▸ **WHAT THIS TASK INVOLVES**
Restate the data below word for word, omitting pictures.

━━━━━ GIVEN DATA

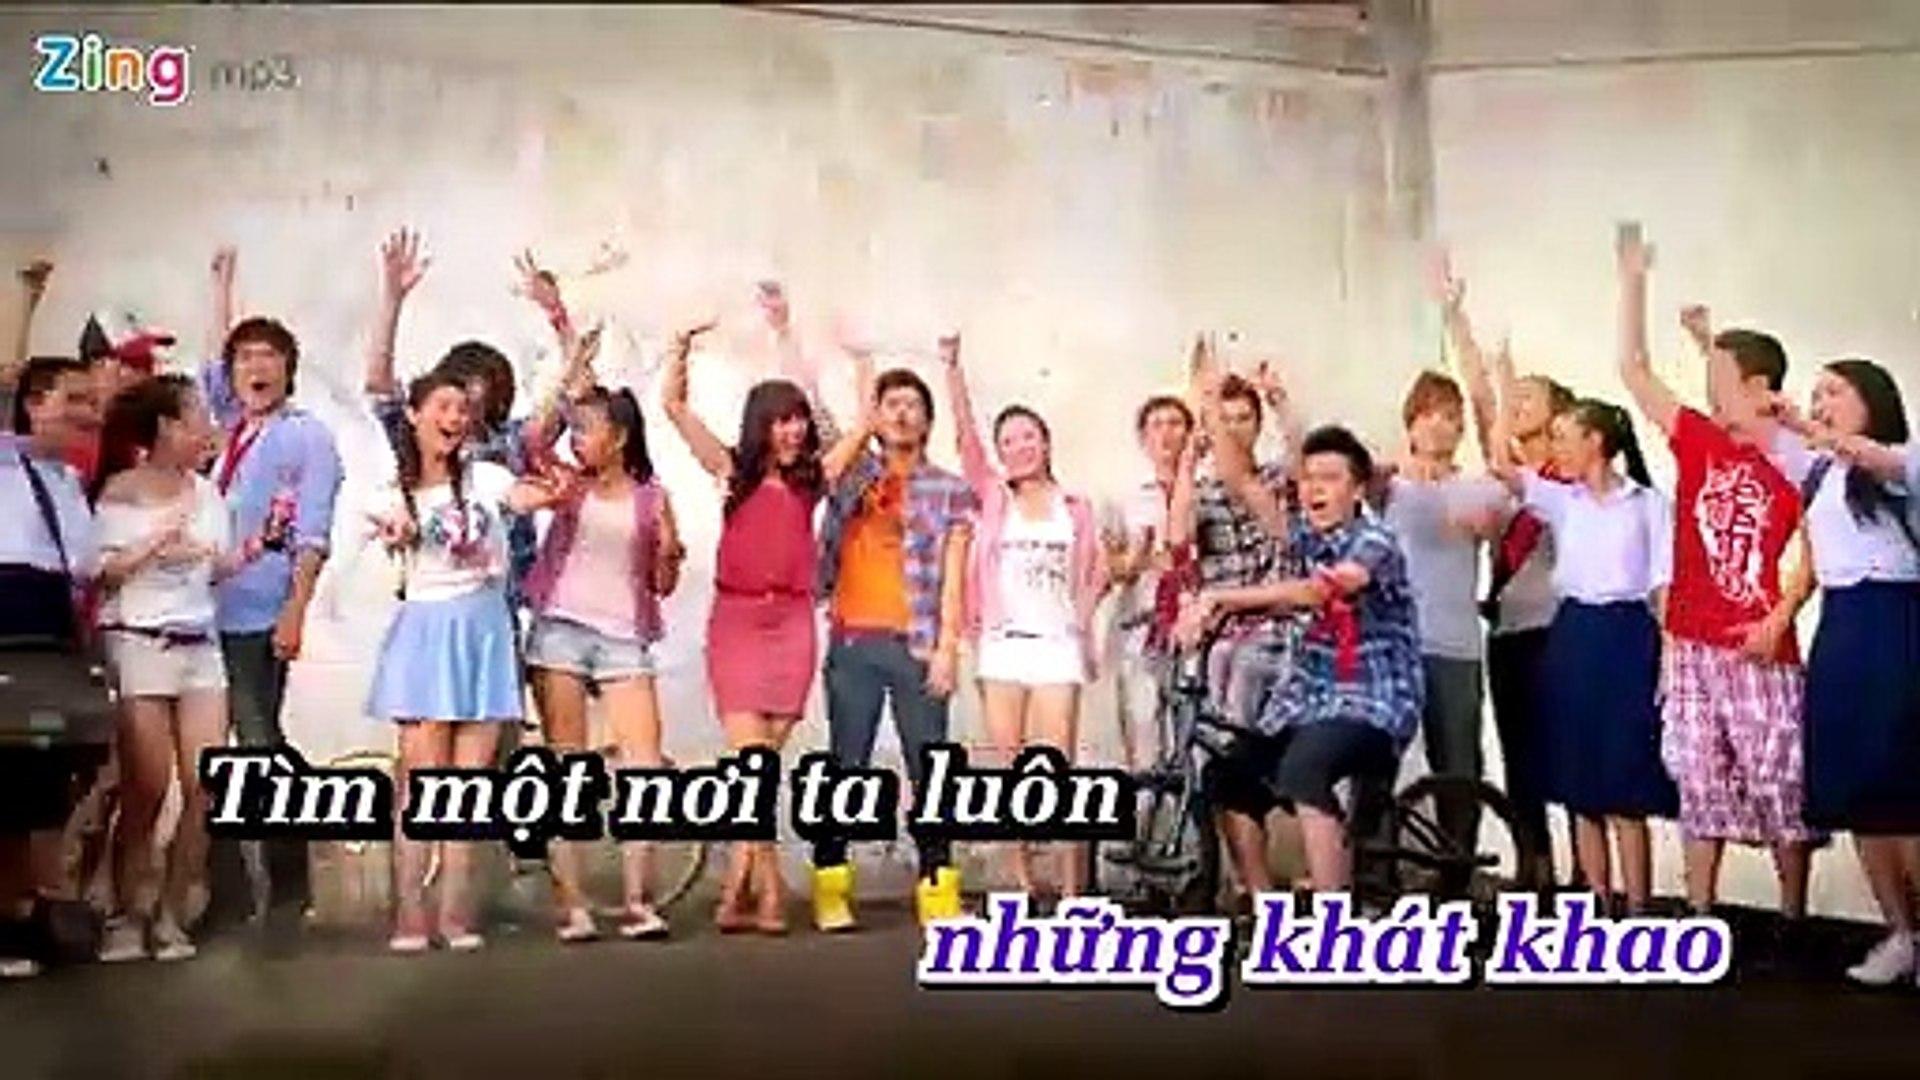 [Karaoke] Chạm Đến Ước Mơ - Phương Vy Ft. Văn Mai Hương, La Thăng [Beat]
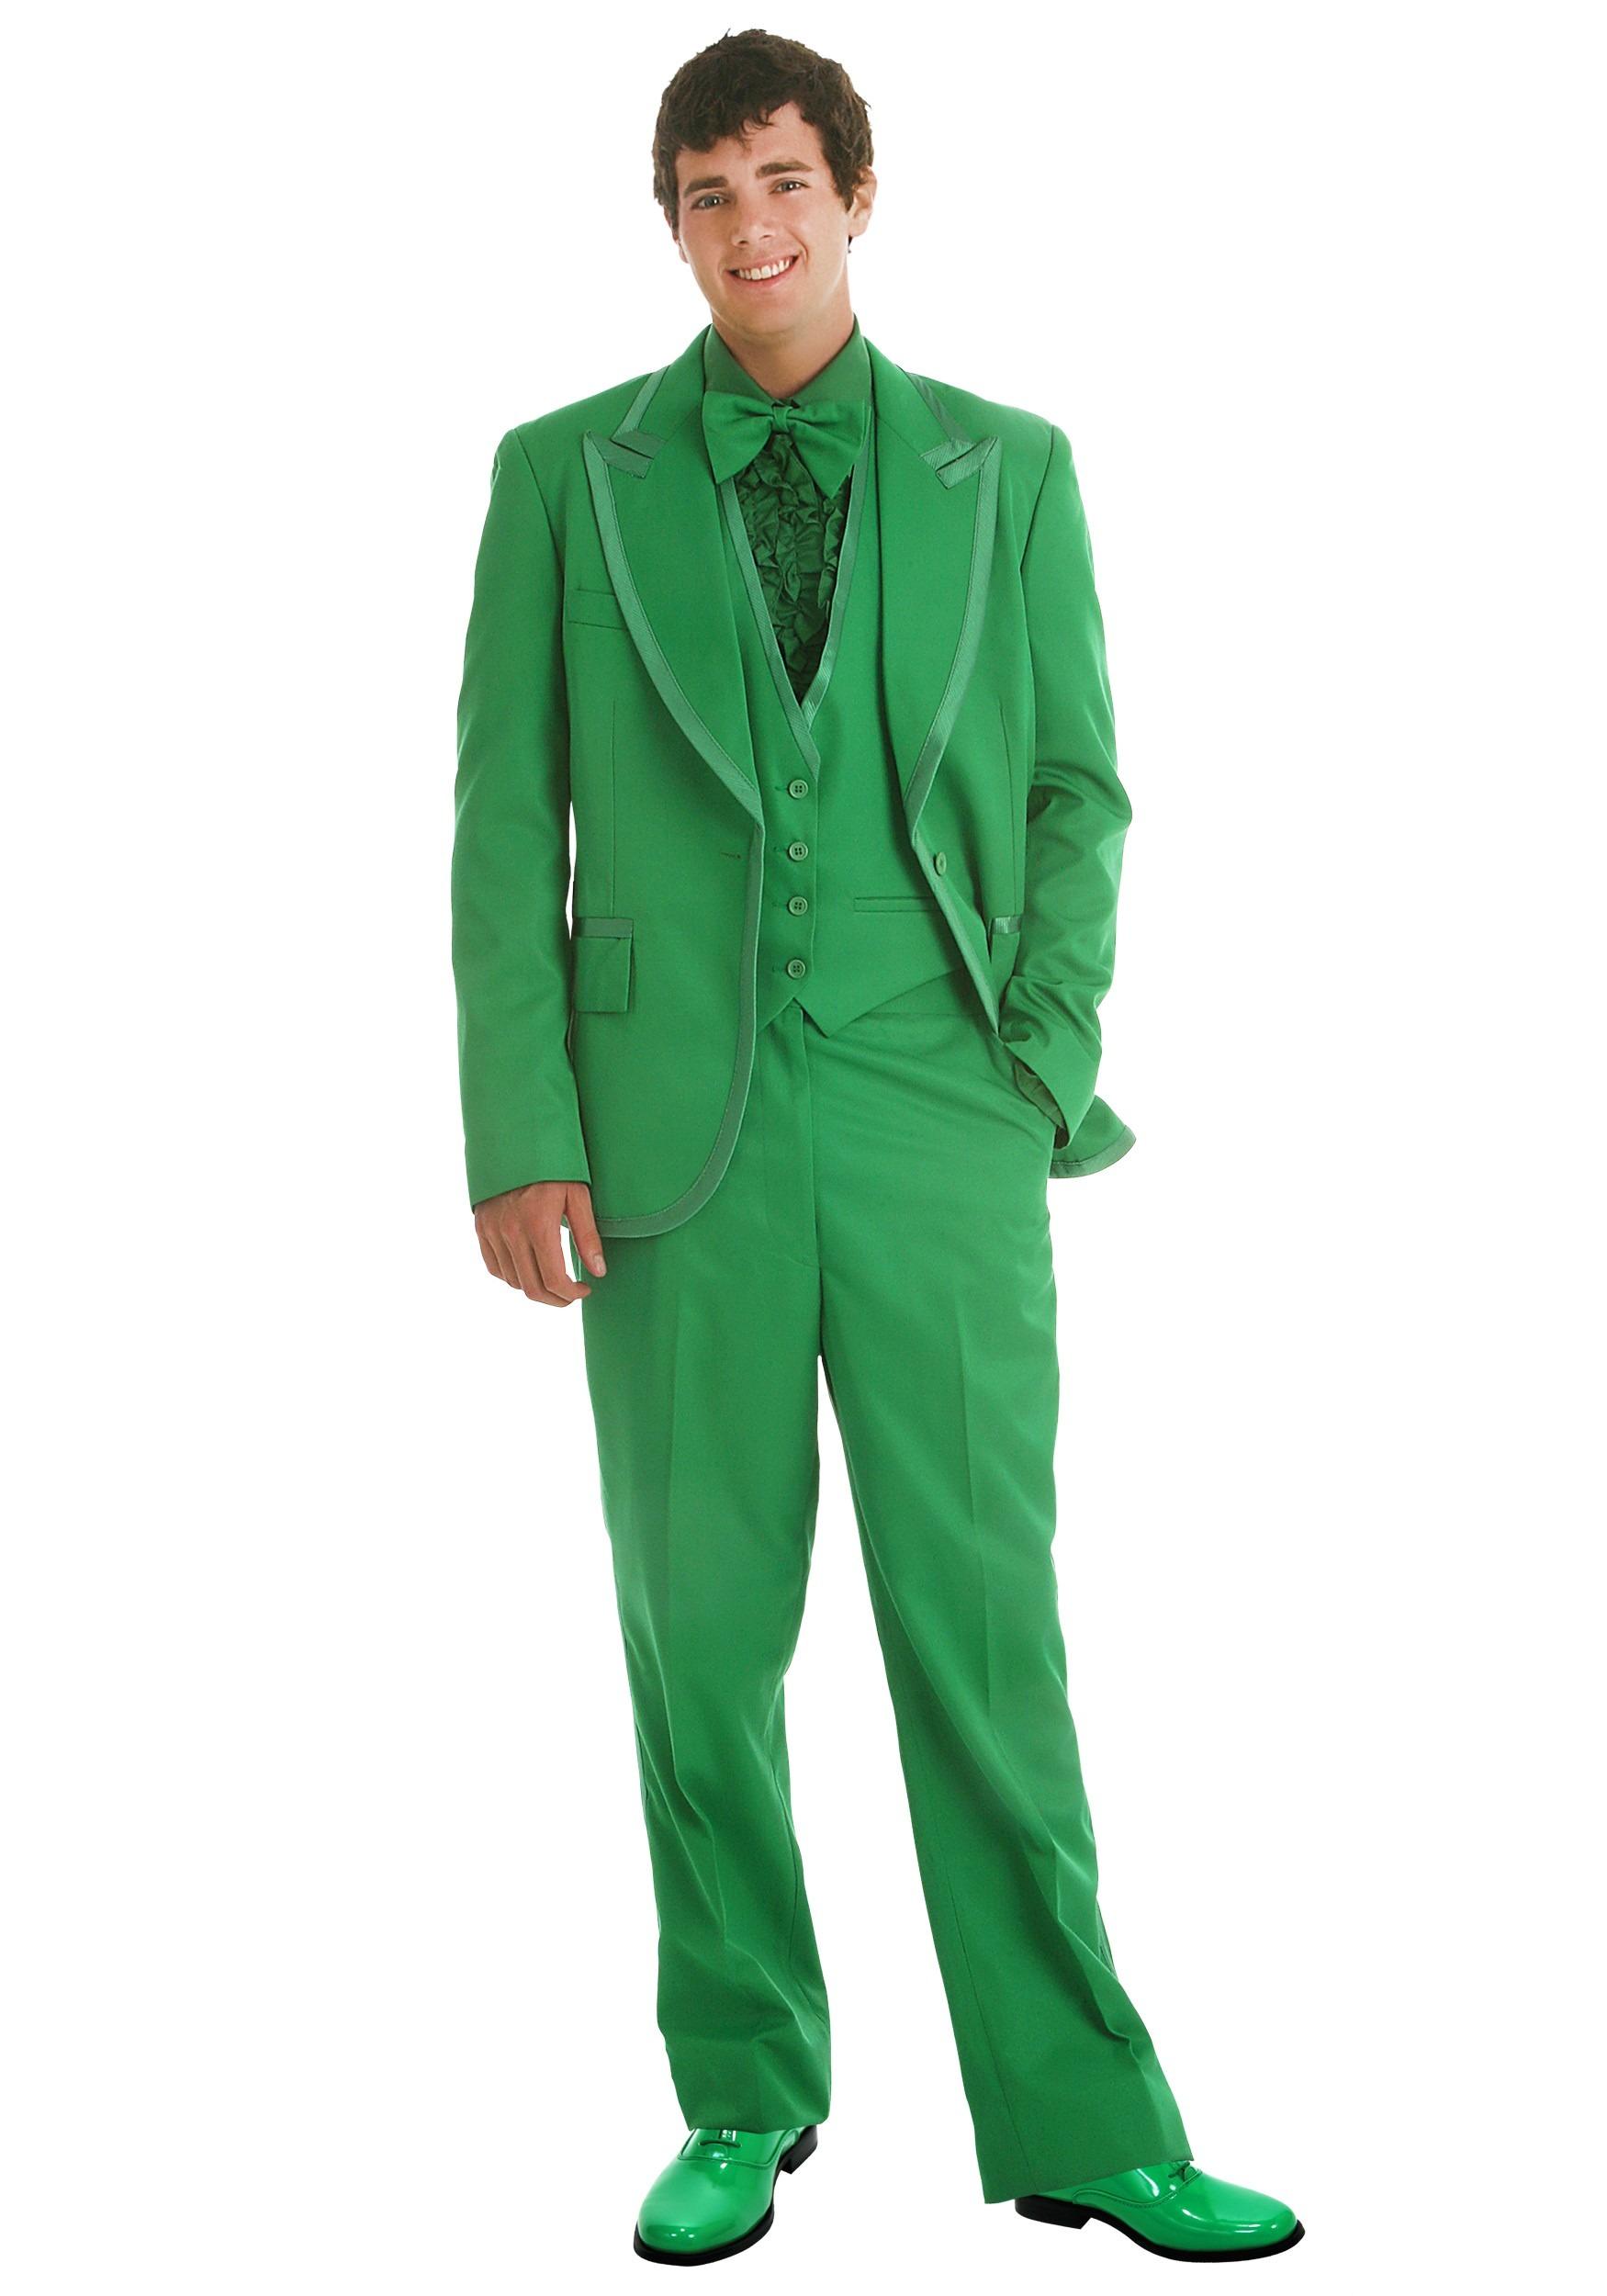 Men\'s Green Tuxedo - Prom Tuxedo Rental
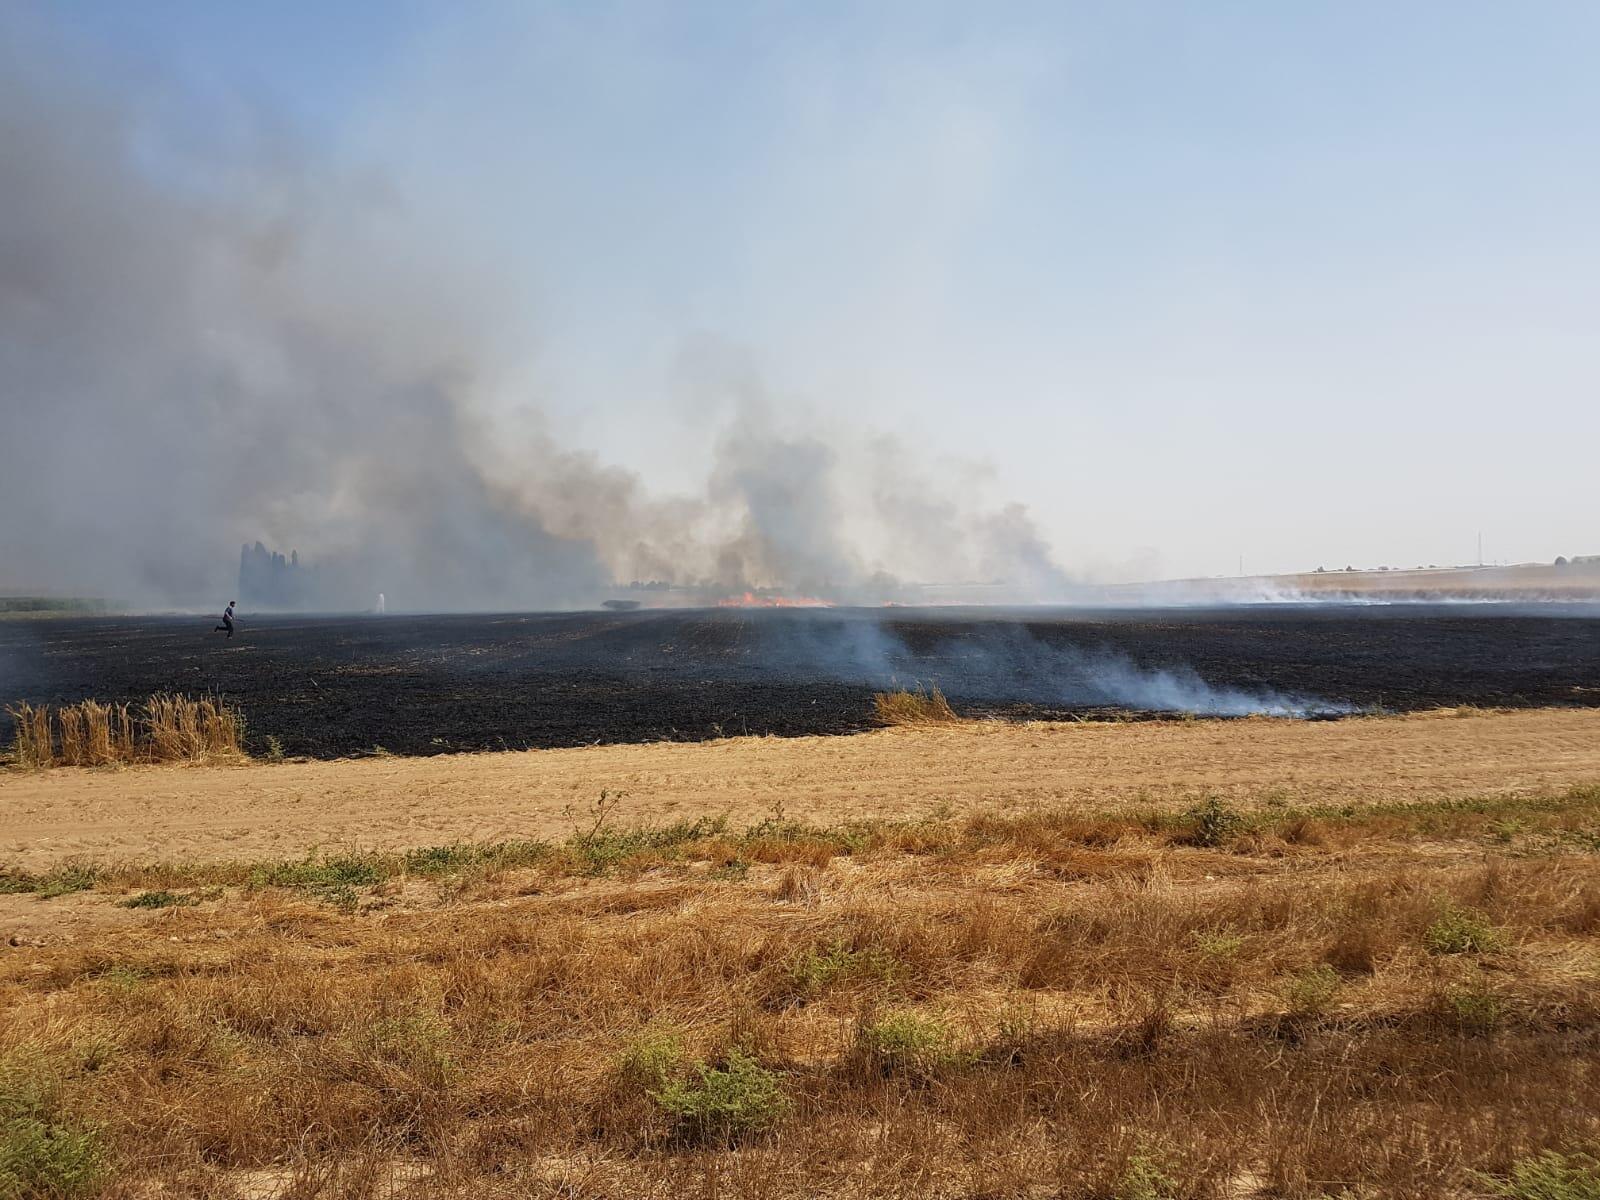 Os incêndios são causados por pipas e balões com artefatos incendiários e têm queimado campos agrícolas de cidades e de comunidades israelenses.

━━━━━━━━━━

▸ **EXERCISE SOLUTION**
 [Karaoke] Chạm Đến Ước Mơ - Phương Vy Ft. Văn Mai Hương, La Thăng [Beat]
 Men\'s Green Tuxedo - Prom Tuxedo Rental
 Os incêndios são causados por pipas e balões com artefatos incendiários e têm queimado campos agrícolas de cidades e de comunidades israelenses.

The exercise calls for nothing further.